Сами по себе сканы мозга не могут сказать нам, является ли человек бессовестным лжецом, любителем определенного бренда, имеет ли он пристрастие к наркотикам или что он не в силах сопротивляться побуждению к убийству. Фактически данные, полученные на основании исследований мозга, на сегодняшний день демонстрируют «нейроизбыточность», то есть мало что добавляют к более привычным источникам информации, на которые мы полагались прежде. В худшем случае данные, полученные методами нейронауки, могут повлиять на нашу способность отличать хорошие объяснения психологических явлений от плохих.

Мы не склонны утверждать, что нейронаука готовит революцию в сфере права. Мы согласны со Стивеном Морсом, что нейронаука займет свое место среди других научных дисциплин, которые играют важную роль в судебных процессах: это фрейдовский психоанализ, бихевиоризм, Чикагская социологическая школа и многообещающие генетические исследования. «Единственное, чем отличается нейронаука, — по словам Морса, — это тем, что мы получаем более симпатичные картинки, и они выглядят более научными» (2). Пожалуй, за исключением фрейдизма, все эти дисциплины вносят свой реальный вклад в судебные процессы, способствуя пониманию того, почему люди действуют так, как они действуют.
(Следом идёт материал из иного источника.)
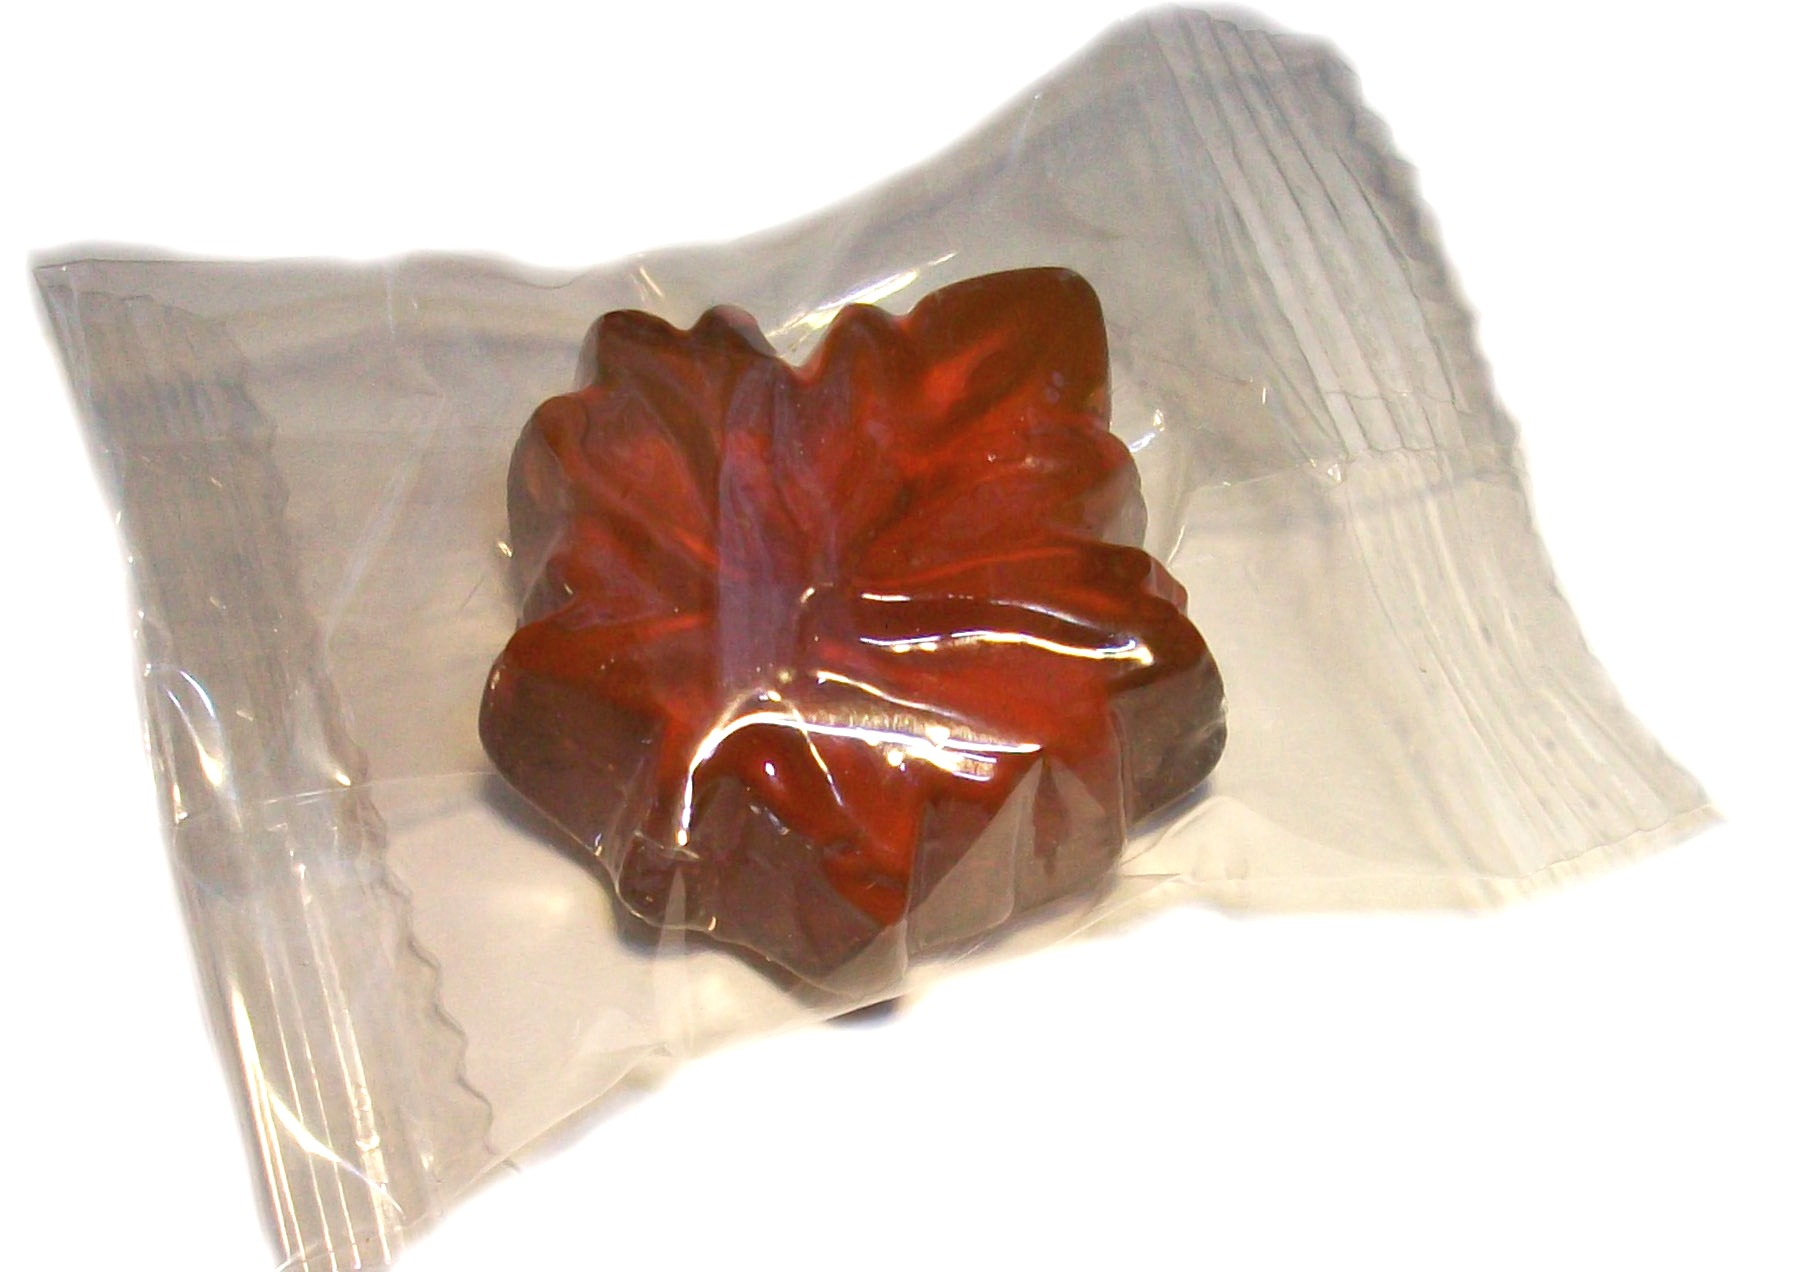 Clear hard maple syrup candies- bulk 10kg case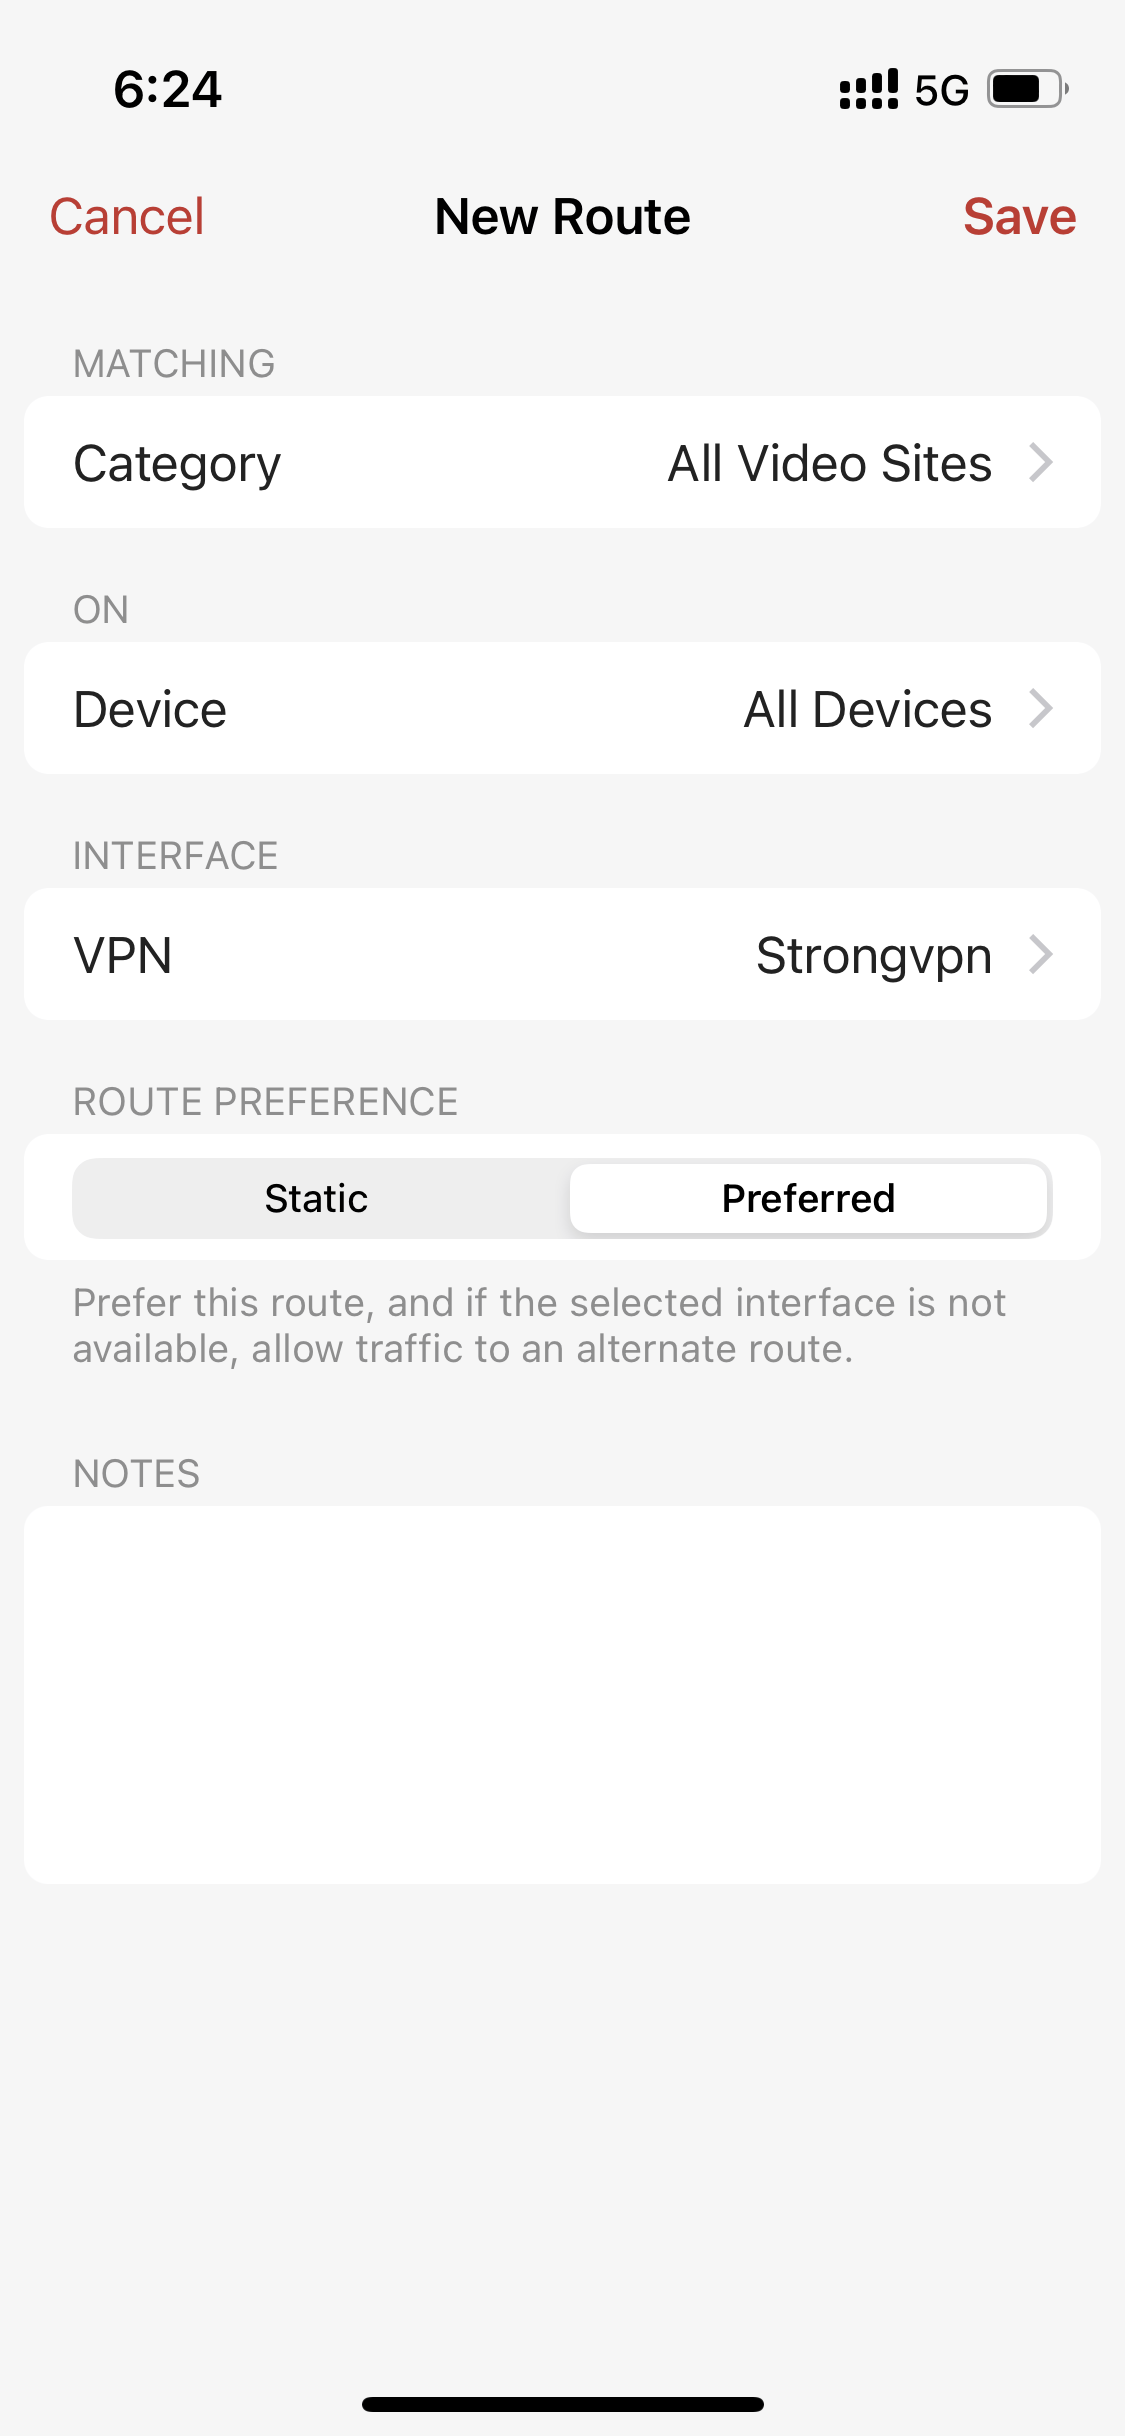 Route device traffic to VPN client, matching all video sites for all devices with chosen VPN service

Но они едва ли вытеснят важнейшие правовые инструменты, такие как показания свидетелей и перекрестный допрос.

Нейробиологи пока не могут выявить надежные причинно-следственные связи между данными, описывающими мозг, и поведением. Пока они не смогут пролить свет на то, как измерять свойство, которое закон

считает важным для установления виновности — способность к здравому мышлению, — риторическая ценность изображений мозга будет сильно превосходить их применимость в области права. В рамках права присуждение уголовной и моральной ответственности не зависит от причин, приведших к недопустимому поведению, а зависит от того, есть ли у правонарушителя достаточная способность к рациональному мышлению, чтобы он мог изменить свое поведение на основе прогнозируемых последствий. Именно поэтому было сказано, что в сегодняшних судах «действия говорят больше, чем изображения», как это и должно быть (3).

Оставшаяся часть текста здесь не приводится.